В пляске теней и света их взгляды скрестились, и каждый прочел в них то, о чем думал сам.
Обманутая однажды смерть вернулась за тем, кого они вырвали из ее цепких рук. И теперь она не уйдет так просто.
— Держись дальше от боя! — крикнул Номариам, бросаясь вперед, но он знал, что Тэррик его не послушает и не повернет назад, хоть и знает, что битва эта может стать для него последней.
Если он умрет сегодня, умрет с поднятым мечом и ясным взглядом.
***
— Шербера. — Олдину пришлось встряхнуть ее за плечи, чтобы она пришла в себя и оторвала взгляд от места, где в толпе послышался голос Тэррика. На лице ее плясали огни, в глазах стоял ужас; она схватилась за Олдина так, как испуганный ребенок хватается за мать: крепко, до боли, не осознавая.
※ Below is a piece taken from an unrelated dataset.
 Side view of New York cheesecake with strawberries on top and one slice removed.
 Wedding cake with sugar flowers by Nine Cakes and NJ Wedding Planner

Ему нужно было увести ее отсюда, пока вокруг не воцарился настоящий хаос. Олдин чувствовал, как крадется, течет мимо воинов чужая сила, как поднимает то и дело невидимую голову на невидимой шее и пытливо вглядывается в лица, ища нужное ей лицо. Вспышка фиолетовой магии отвлекла ее, но ненадолго.
— Шерб, идем же!
— Олдин. — Шербера закашлялась, прижала руку ко рту, растерянно огляделась вокруг, будто проснувшись. — Олдин, ты это чувствуешь? Ты узнал, ты узнал ее?
— Да. Она вернулась за Тэрриком. Нам пора идти. — Олдин сжал ее запястья, чувствуя болезненный жар кожи, и потянул за собой, и Шербера сделала несколько шагов, подчиняясь, но вдруг остановилась, понимая, что идут они не к Тэррику, а прочь от битвы.
— Куда ты меня ведешь?
— В целительскую палатку.
Она замотала головой:
— Мы должны быть с Тэрриком! Мы должны помочь!
— С ним Прэйир и все восходное войско. С ним Номариам и Фир, — сказал Олдин терпеливо и добавил уже мягче, видя, как она напугана и растеряна: — И он не позволит нам помочь, ты же знаешь. Это его битва, Шерб. Только его.
Он увидел, как на лице Шерберы растерянность сменяется упрямством, решимостью, беспомощностью, светлой, ничем не прикрытой любовью... А потом она кивнула и сдалась.
Она понимала, что Олдин прав.
Она знала, что могла слышать голос Тэррика сейчас в самый последний раз — и знала, что он не примет от них помощи в борьбе против силы, которая пришла за ним.